Gram loved Bob Dylan. He was an old guy from the sixties. She plays his records all the time. His voice sounds raspy and hoarse, like he has a bad cold. In my opinion, I have a much better voice than Bob Dylan. Singing is one thing I’m okay at. That’s why Annie asked me to be in her band.
“Martha, do you want to meet Gram? She’d love to talk to you.”
“No!” she said sternly. “You must make a blood oath that you will tell no one about me.”
I raised my hand. “I swear on blood; I won’t tell Gram—”
“Anyone!” she said, pointing her finger at me.
“I swear on blood; I won’t tell anyone about you.”
“And mark me well, Thomas Marks: If you ever break that oath…you will instantly ignite into flames and burn.”
I definitely didn’t want to do that.
She stood up and opened the small window near the ceiling. “And now, I must depart.” She wrapped her arms around herself.
“No! Wait!”
“Now what?”
“Can’t you please teach me how to turn into a bat and fly?”
“How many times must I say no?”
“Oh, c’mon! The vampire guy that turned you, that, that Shovic Labrescky guy, he taught you stuff.”
“His name is Lovick Zabrecky.”
“Okay, he taught you, so you gotta teach me! What about…what about The Code of the Vampires?”
I made that up. I didn’t know if there really was a Code of the Vampires, but it sounded good. There might be.
She sneered. “There is no such thing as The Code of the Vampires.”
“Well,
there should be! You turned me; you should teach me!”
She crossed her arms and looked at me for a long time.
“Very well, Thomas Marks, I shall instruct you. But, do not expect to learn how to transform and fly properly all in one evening, ’tis not an easy skill. Firstly, cross your arms across your chest, palms down, fingers spread apart.”
I crossed my arms like people do when they’re in a coffin.
“Wait. Do you think because I’m only one-third vampire, I might be only one-third bat and the rest of me will still be human?”
“There is but one way to find out. Close your eyes.”
I did.
“Now you say, ‘Turn to bat. Bat, I shall be.’ ”
“And then what?”
“And then you shall transform.”
I opened my eyes. “Really? That’s it?”
“Yes.”
“That’s crazy.”
“Then say it not! And do not become a bat and fly! And I shall waste my time no longer here!”
She moved toward the window.
“Wait-wait-wait! Okay, okay! I’ll say it.”
Why did I have to get The World’s Grumpiest Vampire Teacher? Why didn’t I get a nice, patient one?
Martha stared at me intently with her green eyes. “And take heed, Thomas, when you say it, believe it.”
I closed my eyes, took a deep breath, and said, “Turn to bat…. Bat, I shall be.”
5.
The Flight of the Vam-Wolf-Zom
I felt a little breeze. I opened my eyes. The room was ginormous.
The sofa looked as big as a house. The Ping-Pong table was gigantic. The beanbag chair was humongous. Martha towered over me like a giant.

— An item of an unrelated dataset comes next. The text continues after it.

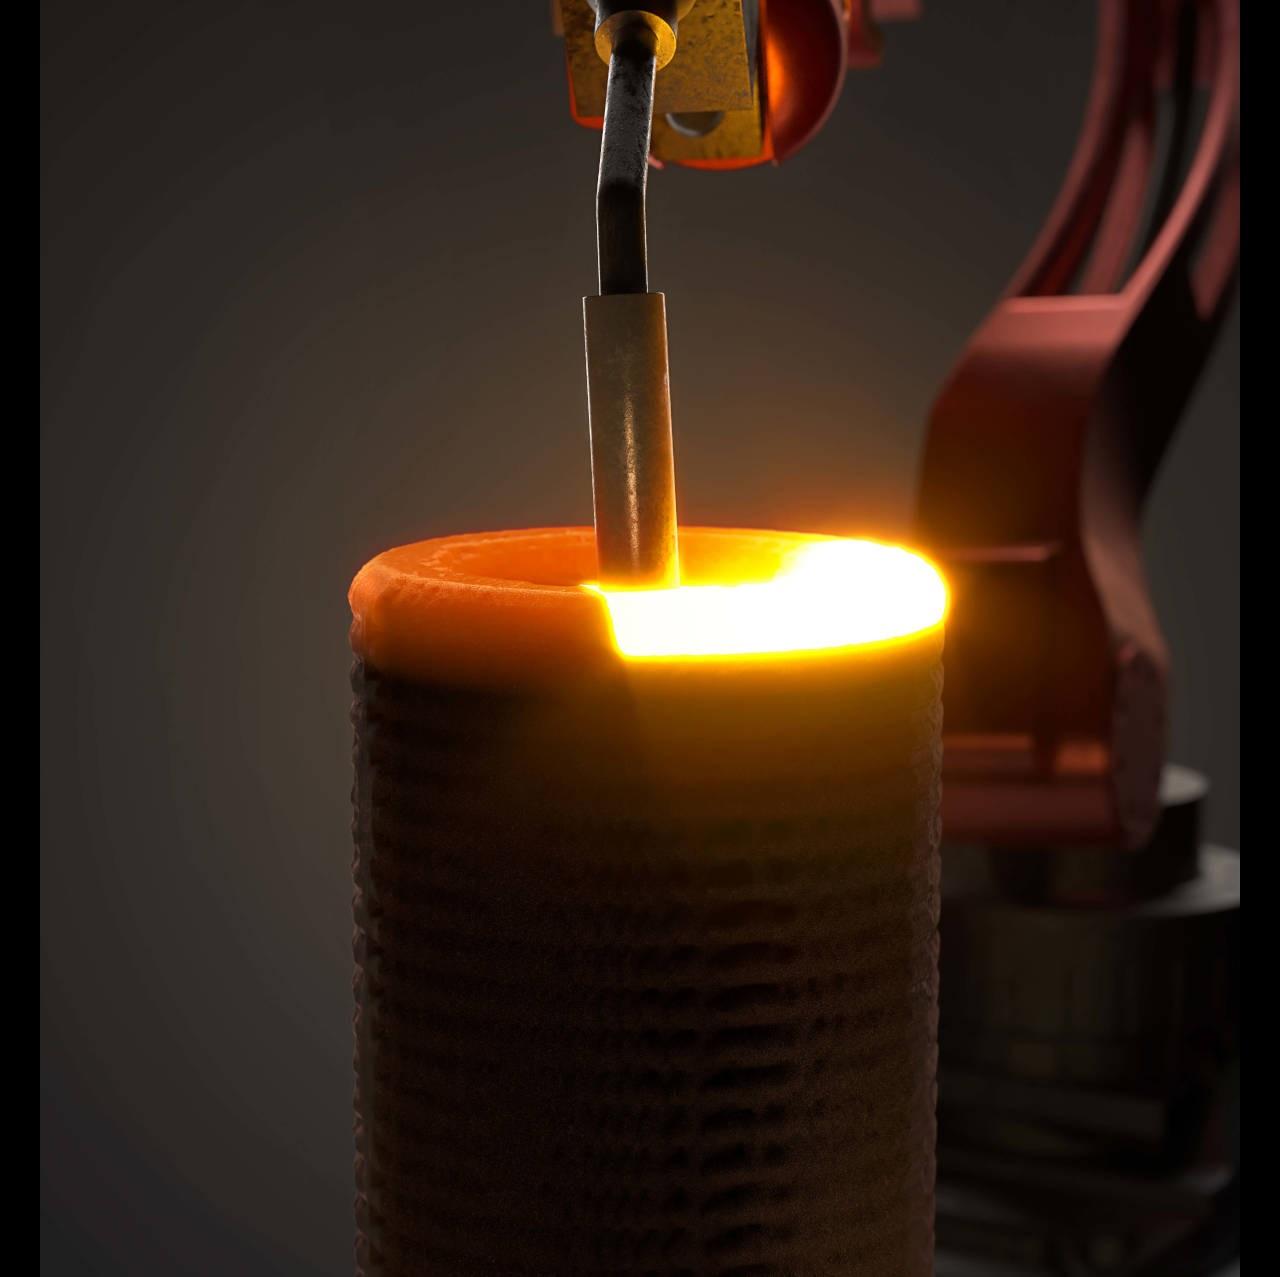 Vallourec Additive Manufacturing solutions

“Am I a bat?” I yelled up at her.
She crouched down and peered at me. “In a manner of speaking. Let us say you are a bat, though a somewhat wolfish-looking bat, due to your werewolf state.”
I held up what I thought would be my arm and looked at it. It was a black-gray wing that I could see through. Inside the wing was what looked like a skinny arm, with three fingers and a thumb at the end. I looked down at my two tiny, claw-like, five-toed feet. I felt my ears, and they were huge in comparison to my head. I guess I was a bat.